Cilegon, CNO – Rendahnya literasi masyarakat menjadi salah satu pemicu terjadinya stuting. Padahal sumber bacaan saat ini sangat mudah didapat baik dari buku maupun sumber lain seperti website.
Guna menambah sumber bacaan bagi masyarakat, Dinas Perpustakaan dan Kerasipan Kota Cilegon juga telah menyediakan ruang pojok baca di beberapa instansi pemerintah seperti kelurahan, kecamatan dan juga tempat umum seperti Mal Pelayanan Publik (MPP).
“Tinggal masyarakatnya saja mau membaca atau tidak sebab terjadinya stunting ini menurut saya dikarenakan kurangnya literasi di kalangan masyarakat,” kata Kepala Dinas Perpustakaan dan Kearsipan (DPK) Kota Cilegon, Ismatullah Syihabudin.
Oleh karena itu, Ismat mengingatkan dan mendorong orangtua untuk meningkatkan literasi mengenai gizi dan tumbuh kembang anak untuk mencegah stunting. Bahkan bagi umat Islam, perintah membaca sudah disampaikan sejak 14 abad silam melalui firman Allah SWT dalam Alquran surat Al-Alaq.
“Kita diingatkan sebagai orang Islam untuk “Iqro” yang berarti membaca. Banyak hal yang perlu kita ketahui kalau bicara literasi stunting seperti pengetahuan soal gizi sejak ibu hamil sampai anak-anak dibesarkan,” ujarnya.
Mantan Kepala Dinas Pendidikan Kota Cilegon ini juga mengatakan, banyak ragam bacaan yang beredar dan dikenal oleh masyarakat. Mulai dari literasi keuangan, digital, literasi gizi dan lain-lain.
“Kalau kita mau belajar dari ayam, lihatlah bagaimana induk ayam mengurus anaknya yang berjumlah 10-12 anak. Induknya tidak pernah makan duluan. Sesekali dia memang mematok makanan tapi dia selalu mendahulukan anak-anaknya. Kalau anak sudah kenyang baru dia makan. Itu salah satu contoh bahwa dari hewan pun kita mendapatkan gambaran pelajaran,” tuturnya.
Ismatullah mengamati, kondisi orang tua anak dengan stunting di Kota Cilegon terutama ibunya terlihat sehat. Sehingga ia punya pemikiran, kemungkinan orang tuanya mementingkan asupan untuk dirinya dibanding anak-anaknya.
“Inilah gaya hidup orang Cilegon yang mesti menjadi referensi bahwa ibu-ibu kita kurang mendahulukan asupan makan anaknya tapi sering memenuhi kebutuhan hidup yang lain seperti pakaian, jalan-jalan ke mal dan minimarket,” ujarnya.

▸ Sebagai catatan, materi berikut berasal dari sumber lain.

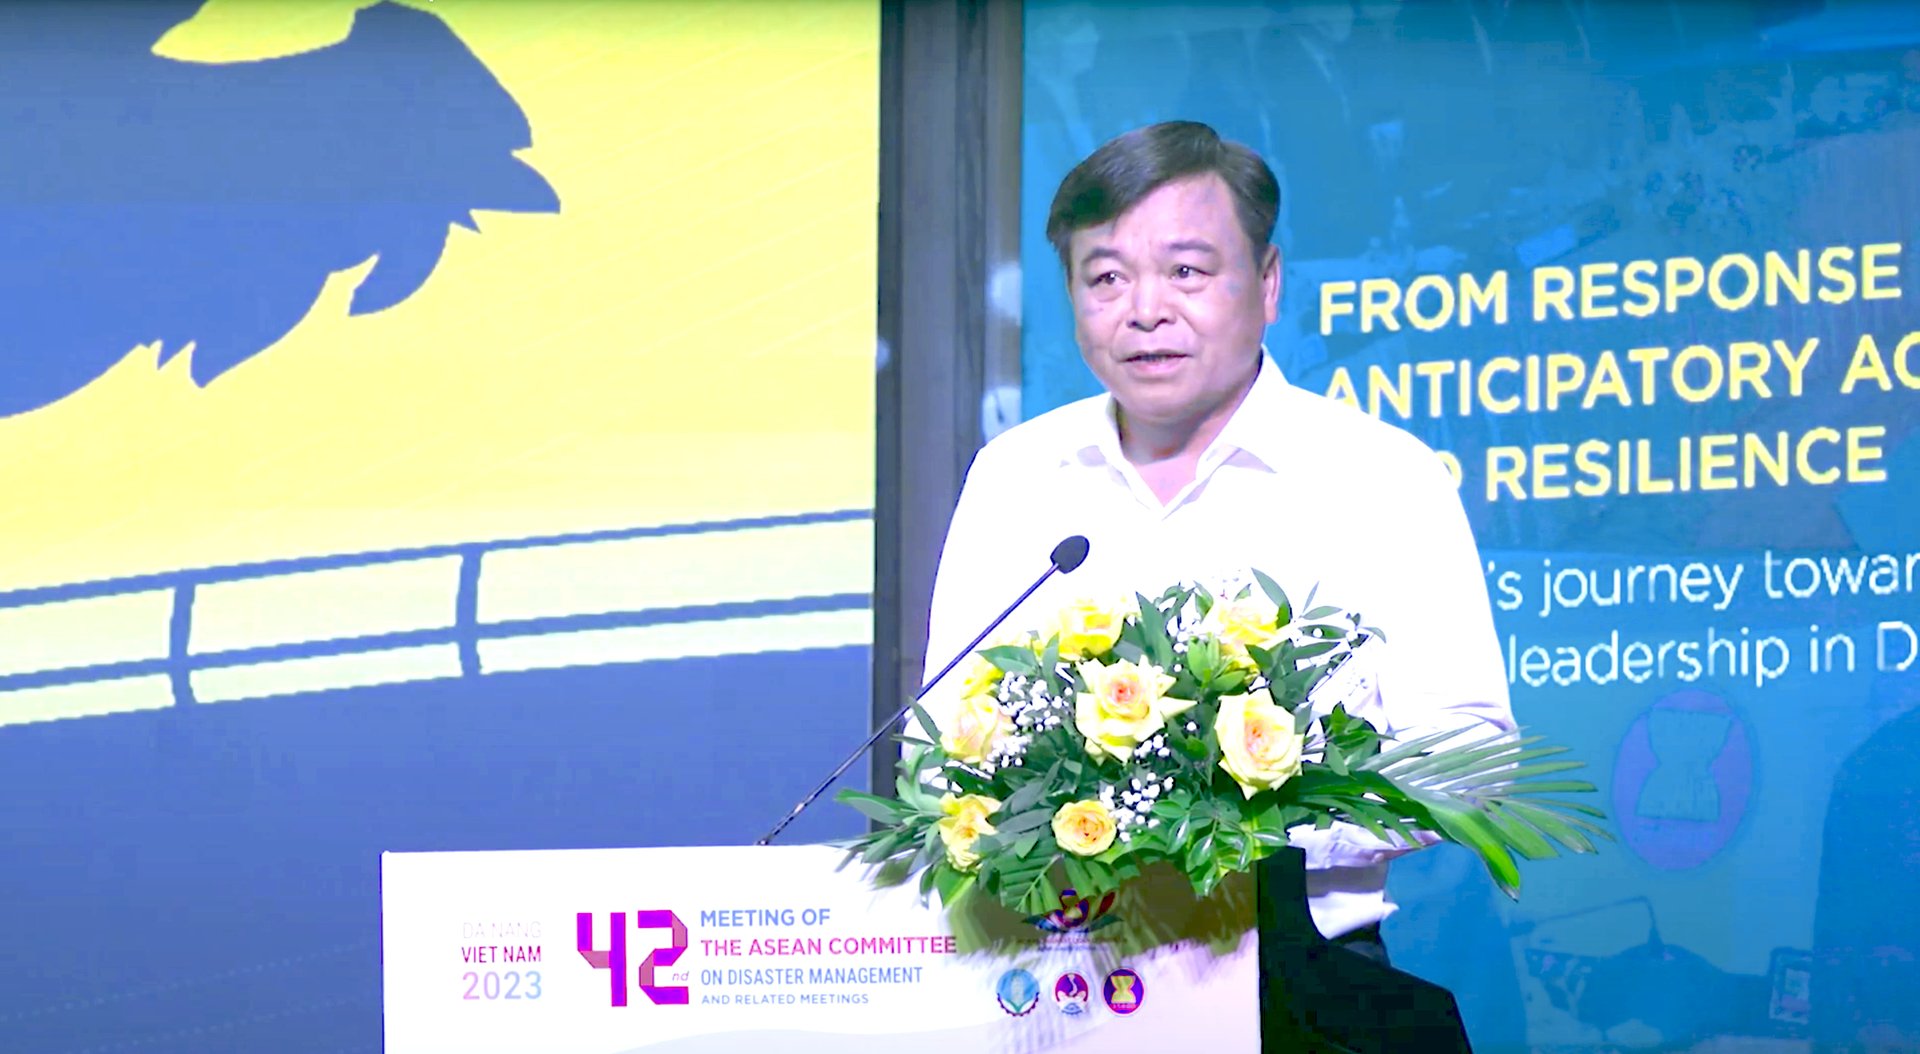 Mr. Nguyen Hoang Hiep – MARD Deputy Minister and Deputy Head of the National Steering Committee for Natural Disaster Prevention and Control – delivers the opening speech at the 42nd ASEAN Committee Meeting on Disaster Management in Da Nang.
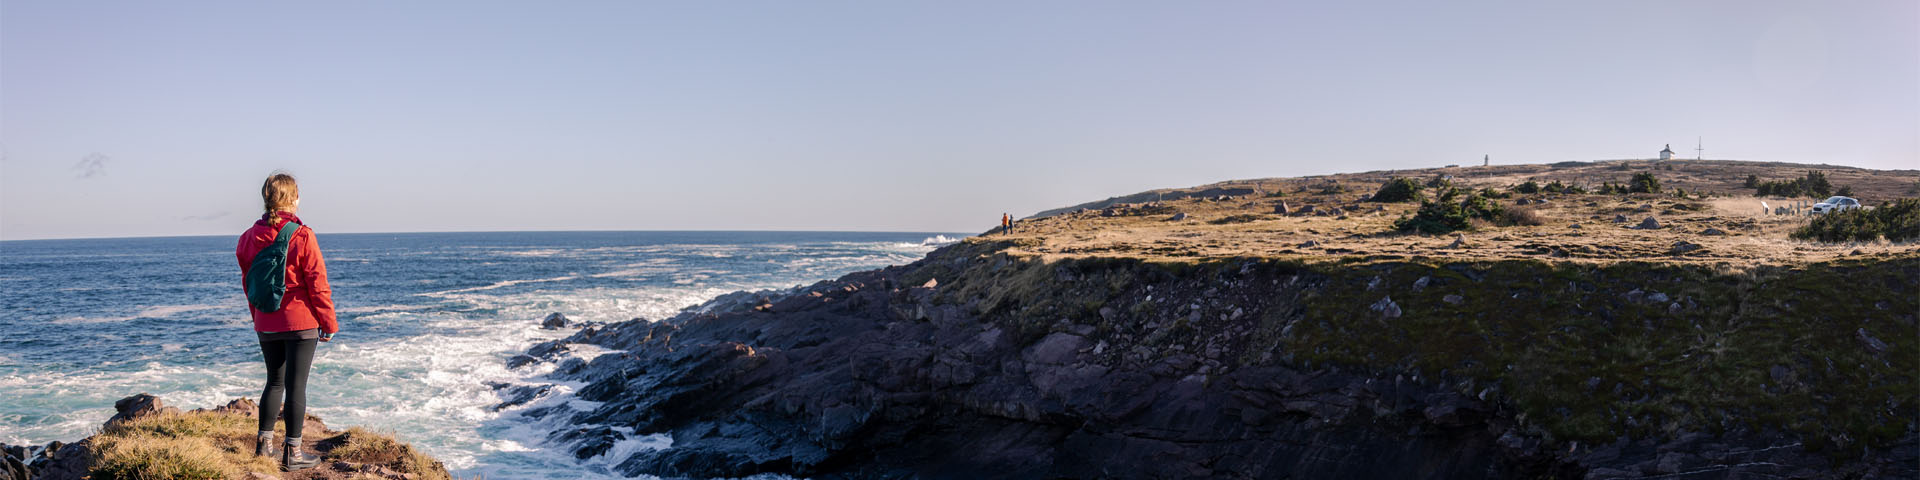 an individual standing on a coastal trail overlooking the ocean

Bahkan lebih parahnya, menurut Ismat, tidak semua kaum perempuan sekarang mau memberikan air susu ibu (ASI) kepada bayinya karena alasan sibuk bekerja di kantoran.
“Padahal minimal dua tahun wajib. Kalau saya dulu waktu kecil suka makan telur yang saya ambil dari kandang belakang rumah. Tapi sekarang sudah tidak ada orang yang memelihara ayam di rumah,” ujarnya.